# Postfixadmin won't create maildirs - even with mail sent [S]

## Dr. Frankenbox

I'm new to mail server administration, and I'm trying to set up a mail server with postfix + courier + postfixadmin + squirrelmail.  I was able to get the config set so that Courier sees the user database created by postfixadmin and I can log into squirrelmail with accounts created in postfixadmin, but since Postfixadmin won't create the maildirs for new mailboxes, when I log into squirrelmail on a new account, I get this:

ERROR: Could not complete request.

Query: SELECT "INBOX"

Reason Given: Unable to open this mailbox.

and this:

ERROR: Connection dropped by IMAP server.

Query: SUBSCRIBE "INBOX.Sent"

I can see from looking at other threads that postfixadmin won't create the maildir until mail is sent to the new mailbox, but I have it set to send a welcome message when creating a mailbox.  However, when I do create a mailbox, I don't get a message telling me that the mailbox was created.  I only get:

The mailbox has been added to the mailbox table!

(webmaster@animenebraskon.com

What could be causing this?Last edited by Dr. Frankenbox on Sat Feb 13, 2010 3:16 pm; edited 1 time in total

----------

## AllenJB

Postfixadmin doesn't have anything to do with creating mailboxes. That should be done by your mail server software (whatever's handling SMTP - or whatever that hands mals to for local delivery).
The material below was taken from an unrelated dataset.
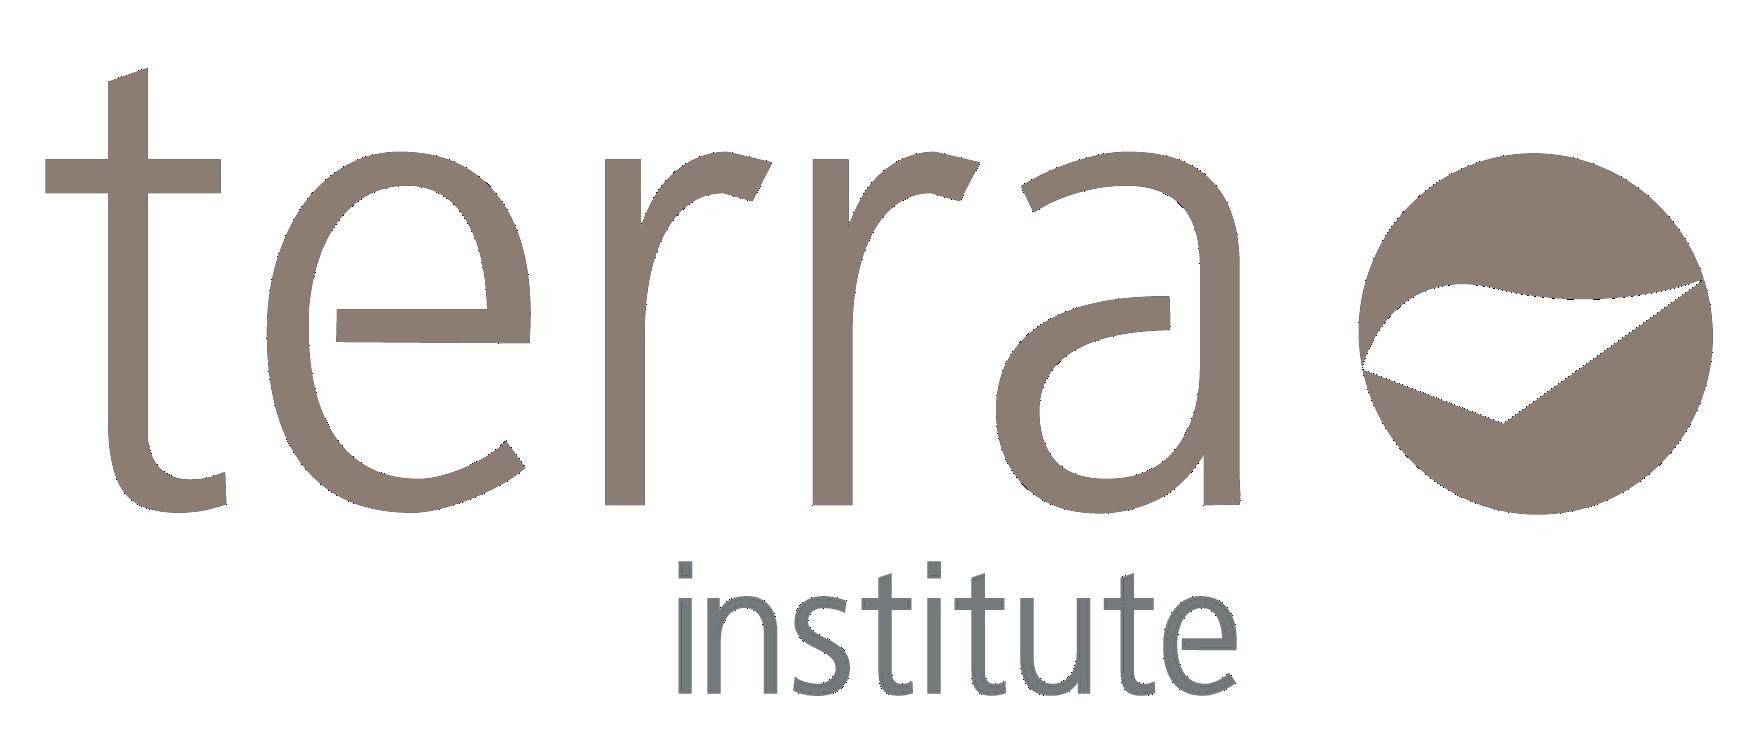 Terra Institute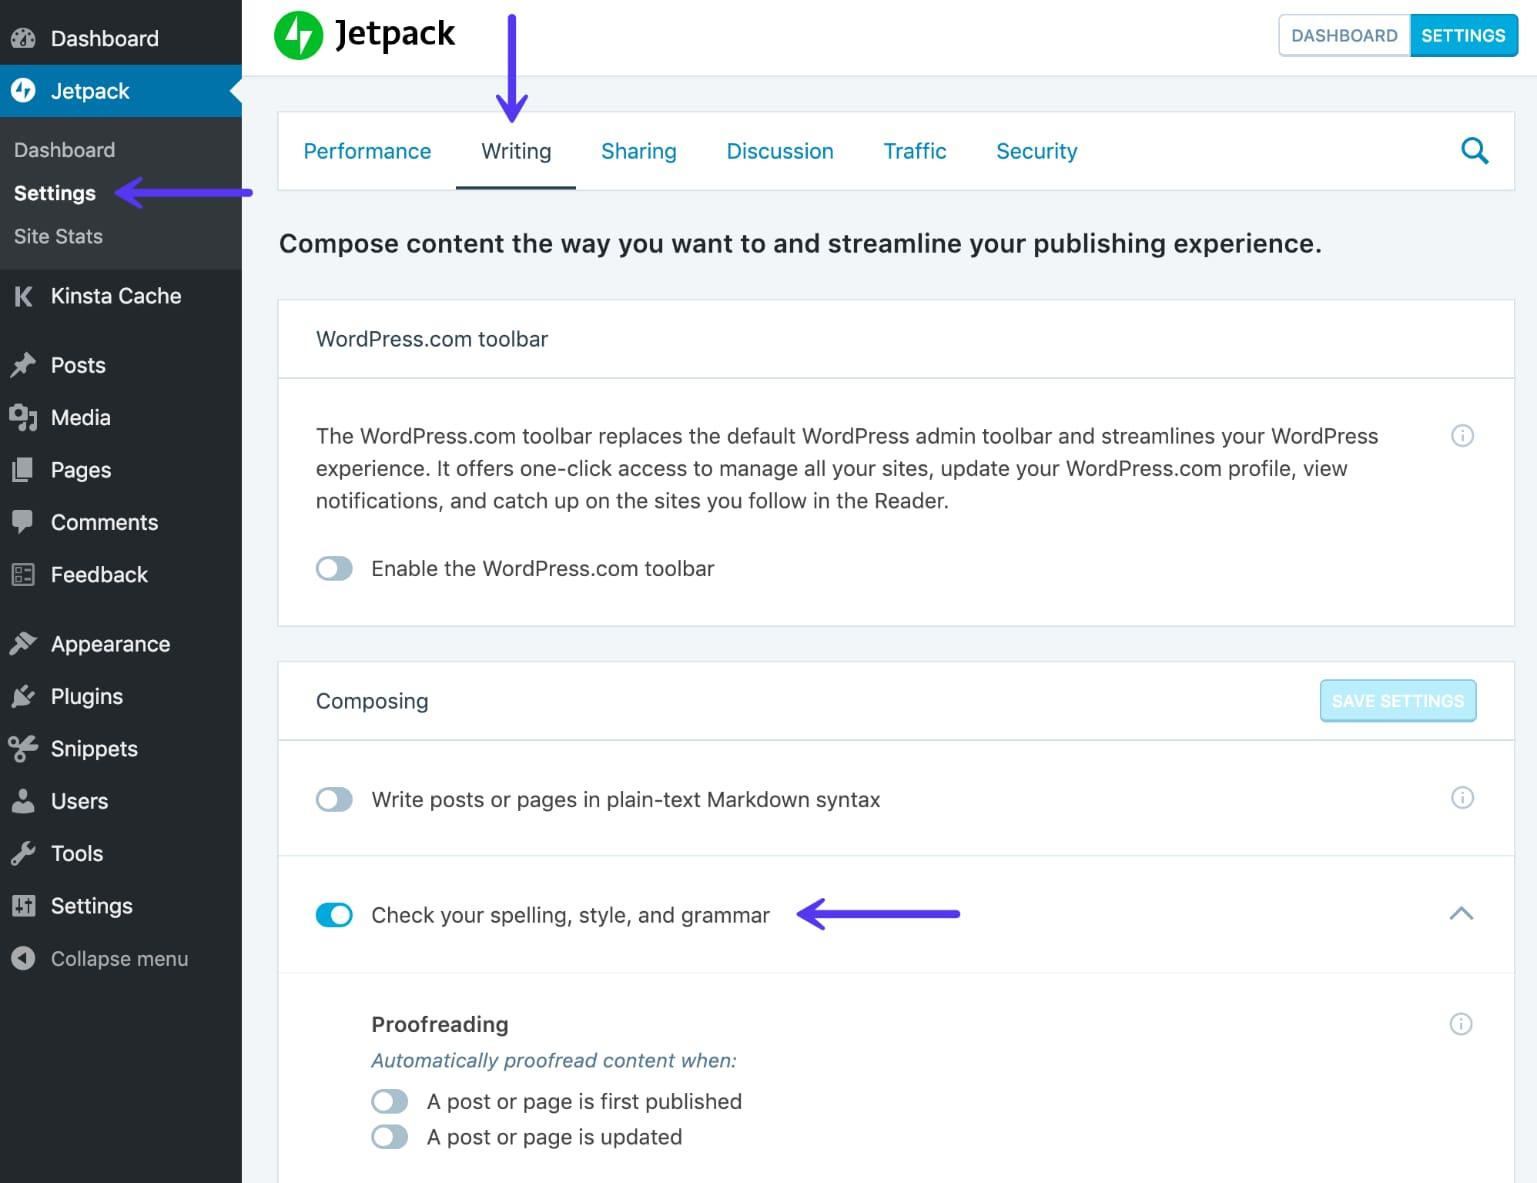 Activer la vérification grammaticale et orthographique de Jetpack

I would check that your mail server is correctly recieving mail (send it one from another server) and correctly delivering it to mailboxes (check the logs - you may want to increase the log verbosity if you can't see anything useful initially)

----------

## Dr. Frankenbox

I'm not really sure if I can send it a message from another server because this server is going to replace an existing one, with the same domain.   I can't let it connect with public email servers, lest it interrupt mail delivery for the current server.  I also have no idea how to tell if it's receiving mail correctly or even how the mailboxes are supposed to be structured because I haven't set up an email server before.  I'm discovering that it's hideously complex compared to a webserver or a fileserver.

----------

## b0nafide

Well, there always is connecting with telnet or netcat on port 25 to your new mail server. You can send as many test messages as you like this way.

----------

## Dr. Frankenbox

I can't figure out how to get the server to respond by using telnet, but I have sent mail to one of my mailboxes using the sendmail command, and no mail directories get created.

----------

## Dr. Frankenbox

Ok, I got it working.  I went through and checked my config against this : http://en.gentoo-wiki.com/wiki/Virtual_mail_server_using_Postfix,_Courier_and_PostfixAdmin and discovered that I was both missing some use flags and had my vmail configuration wrong.  I still don't think this needs to be so complex, but at least it's working now.

----------